Science & Tech — 23 August 2013

Why do some clovers have four leaves

Legend has it that Saint Patrick used the regular three leaved clover to teach pagan inhabitants of the British Isles about the Holy Trinity of Christianity. We don’t really know when and where the four leaved clover became a symbol of good luck but for more than a 1000 years, people around the world have associated the four leaf clover with good luck. In fact, during the middle ages, Europeans believed that finding a four leaf clover is a surefire way to see fairies or that finding one would bring immensely good fortune to its finder.

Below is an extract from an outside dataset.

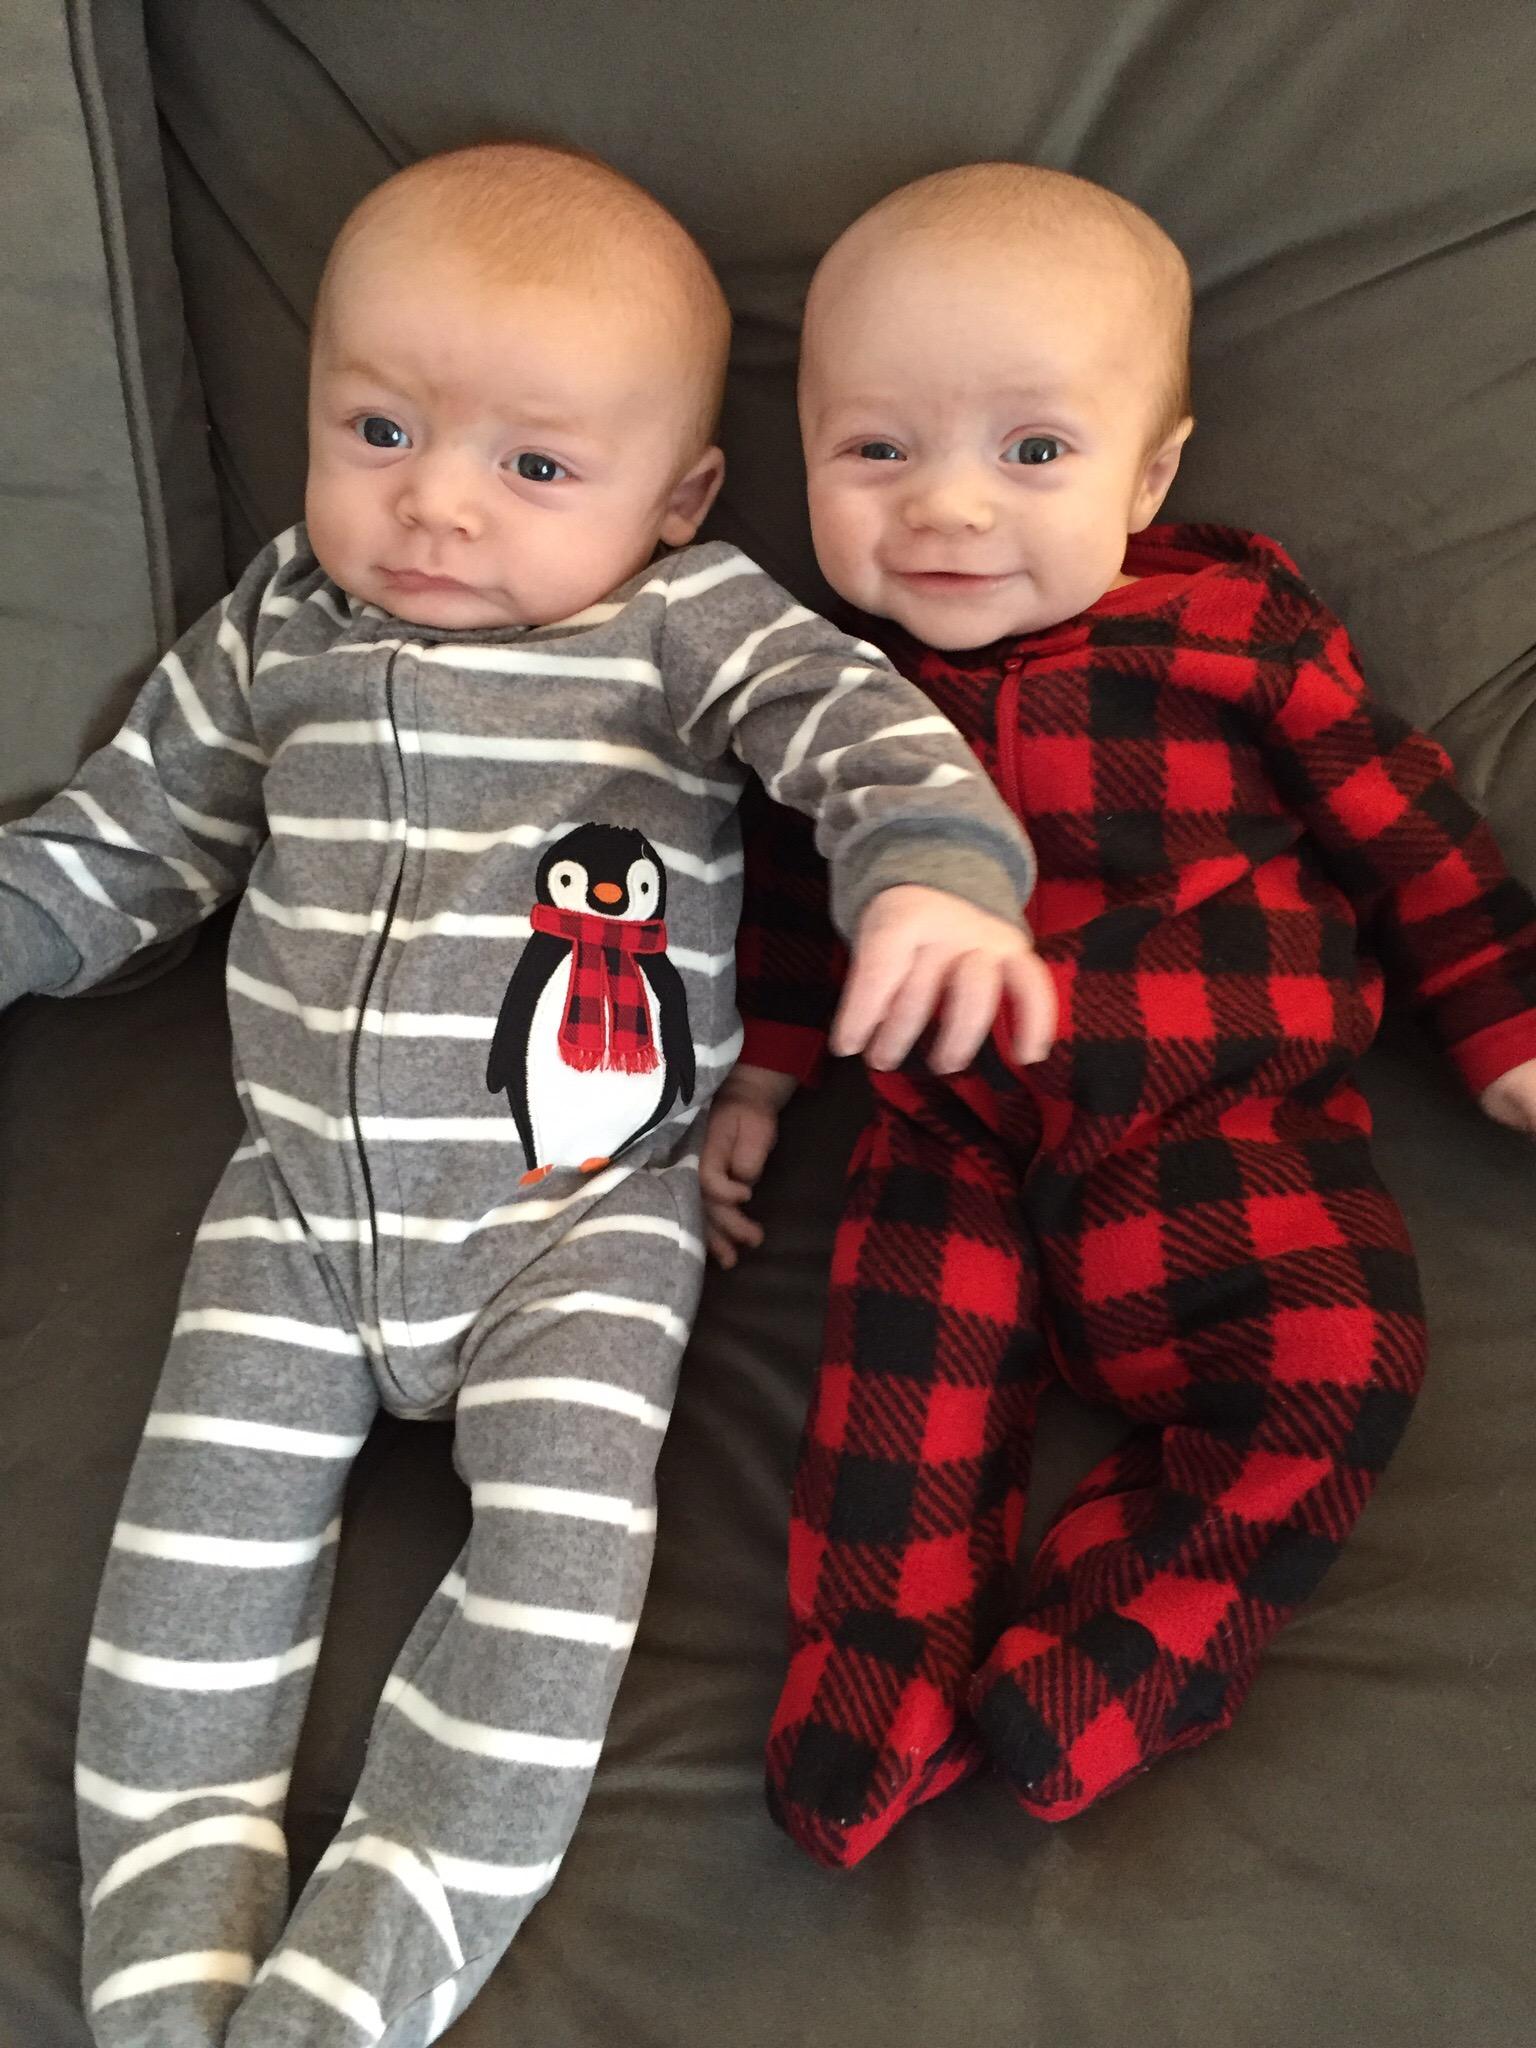 Joshua & Julian, 2 months old

Of course, the four leaf clover is extremely rare to find. The tree leaf clover is the most common type of clover in the world though some clovers are known to have as many as 25 leaves! But those are extremely rare finds and needless to say they are eh most prized ones. That being said, the four leaf clover isn’t exactly commonplace either and experts claim that those are as rare as one in 10,000 three leaved ones.

A young clover, which is what a shamrock is considered to be, could feature the lucky fourth leaf if the shamrock itself has been subject to a rare mutation. The fourth leaf, which according to legend is supposed to represent God’s Grace, is thus nothing more than an anomaly in its regular genetic structure much like when someone with born with one brown eye and one blue eye.

Clovers are actually part of the pea family of plants and the three leafed clover is called trefoil or Trifolium is the most common variety in the clover genus and the 300 species of plants in the clover family are mostly three leaved varieties. Hence, the four leafed clover isn’t a separate species of clovers.

Written by Vinod Sharma

Master in English literature and having more than five years of blogging experience, Vinod Sharma is competitive in nature and likes taking on new tasks and challenges put forth both personally and professionally. Simple living and high thinking is a quote synonymous to him.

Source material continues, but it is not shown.